Interactions between antiviral treatment, anticoagulant and antiplatelet therapy

Anticoagulant therapies have several drug-drug interactions, and most include vitamin K antagonists (VKA) and DOACs interactions with antiviral agents (lopinavir/ritonavir) and monoclonal antibodies (tocilizumab and sarilumab) [40]. Thus, antiviral drugs interact with DOACs and may cause significantly increase their blood levels, thus enhancing the risk of bleeding [48]. The effect of DOACs appears to be potentiated by atazanavir, lopinavir/ritonavir, hydroxychloroquine, and decreased by tocilizumab [41]. Atazanavir and lopinavir/ritonavir may also decrease the active metabolite of clopidogrel and prasugrel and increase ticagrelor’s efficacy [1,40]. A list of drug interactions can be found at http://covid19-druginteractions.org[1].

Duration of anticoagulation

The American Society of Hematology recommends that any decision to use extended post-discharge thromboprophylaxis with anticoagulation or aspirin should consider the individual patient’s VTE risk factors, such as reduced mobility, coagulopathy, and bleeding risk. For patients who have been given empirical therapeutic anticoagulation for suspected PE, it is recommended that they should remain anticoagulated for at least 3 months, regardless of the results of future investigation studies. Moreover, cases of confirmed VTE should be considered as “provoked” and treated for a duration of 3–6 months [1].

Future therapeutic targets and areas of research

As previously highlighted, a unique mechanisms of inducing coagulopathy has been observed in COVID-19 [1]. Several other potential therapies targeting endothelial dysfunction or fibrinolysis in COVID-19 patients have been proposed or are currently underway [6]. The experimental use of immunosuppressive agents can potentially halt the bidirectional cross-talk between inflammation and the thrombosis process in COVID-19 patients [1]. Different data showed that treatment with humanized anti-C5a antibody significantly ameliorated lung injury and inflammation.

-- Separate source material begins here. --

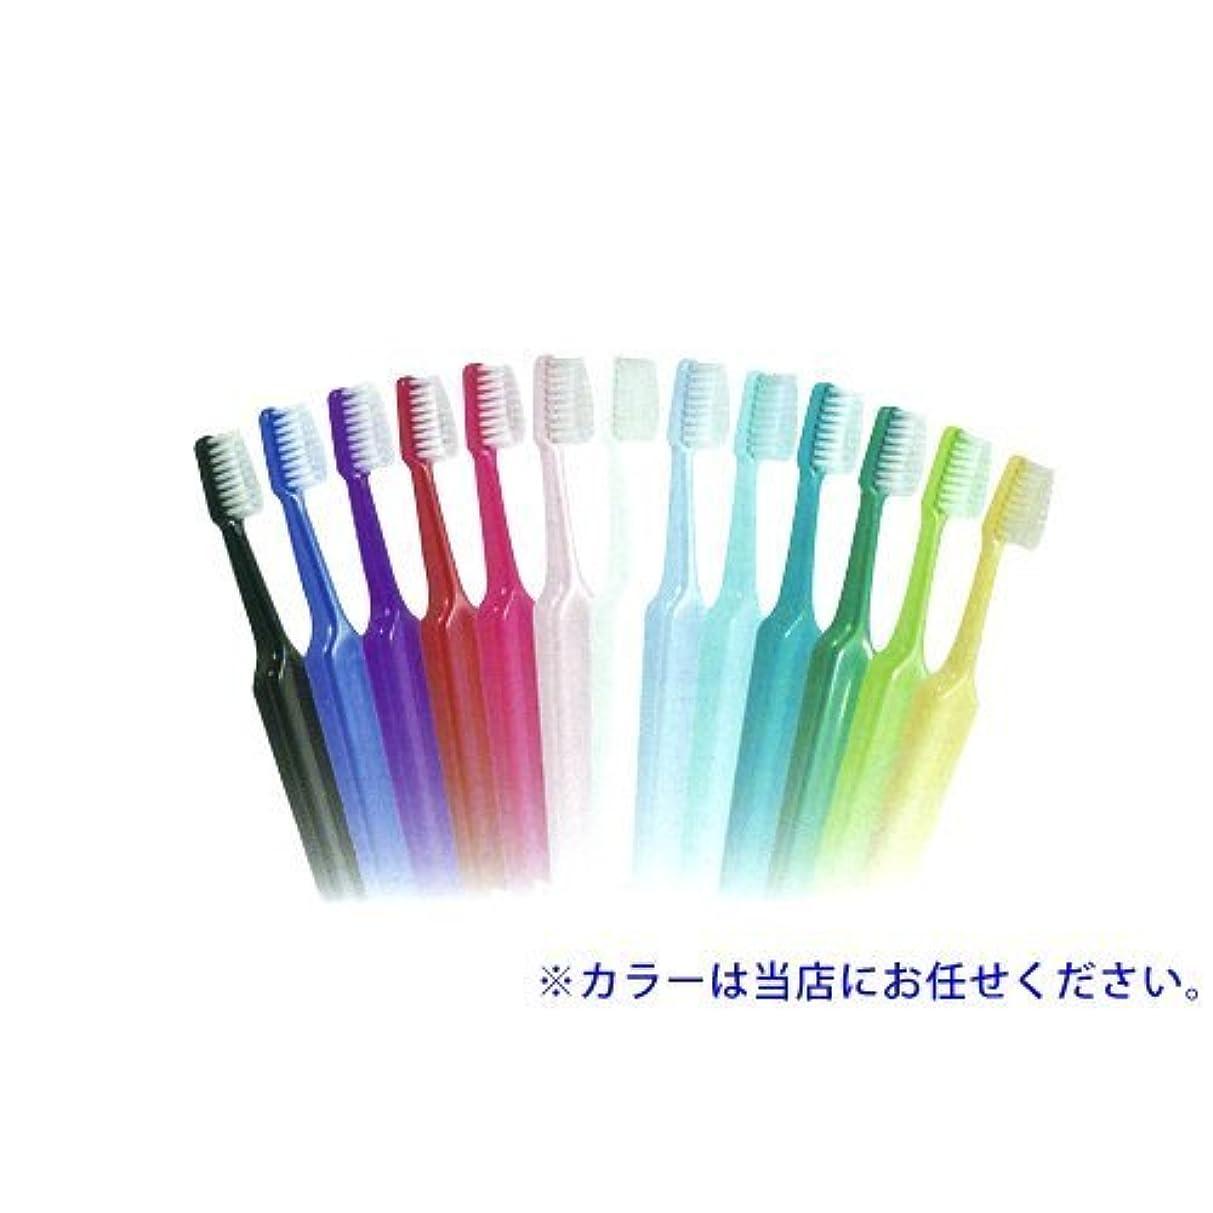 キノコ出撃者ブランクTepe歯ブラシ セレクトミニ/エクストラソフト 25本/箱

Thereby, complement inhibition with agents such as eculizumab, may also be a promising treatment for severe COVID-19 forms [1]. Different studies propose several mechanisms of either directly targeting the molecules that form NETs, such as IL1β, or the processes that leads to their formation, since NETs have the potential to initiate and propagate both inflammation and thrombosis [1,49]. As the cytokine storm has an important role in thrombosis, anti-IL drugs may prove their role as a treatment option in affected patients. Studies are required to see the effect of tocilizumab (anti IL-6) and canakinumab (anti IL-1) for the treatment of COVID-19. Anti-Janus kinase and anti-human immunoglobulin G inhibitors may also be potential treatment options [41]. Since the pathogenesis of inflammation and sepsis-induced coagulopathy involves the production of thrombin and the reduction of natural anticoagulant proteins, numerous studies have explored the benefit of using coagulation inhibitors such as antithrombin. In general, these data provide incentive for considering experimental therapies that address physiologic anticoagulant pathways that are most likely inhibited or inactivated in COVID-19 [1,10,40]. There has been development in several research lines evaluating antithrombotic therapies, which are listed on ClinicalTrials.gov.

Conclusion

In conclusion, the prothrombotic status in COVID-19 patients is a reality, being responsible for the occurrence of both arterial and venous thrombosis. Increased D-dimer levels are an independent risk factor for the adverse outcomes in patients with COVID-19.

The COVID-19 associated coagulopathy is emerging as a major pathological occurrence with multiple hypercoagulable events, including stroke, myocardial infarction and multisystemic organ failure. Accumulating evidence highlights that the hypercoagulability of SARS-CoV-2 involves a complex interplay of multiple pathways with unique mechanisms of thrombo-inflammation. A better understanding of this pathophysiology will allow to determine the optimal doses of anticoagulation therapies and to study other treatment modalities. Available evidence and guidelines recommend prophylactic anticoagulation with LMWH for all hospitalized patients.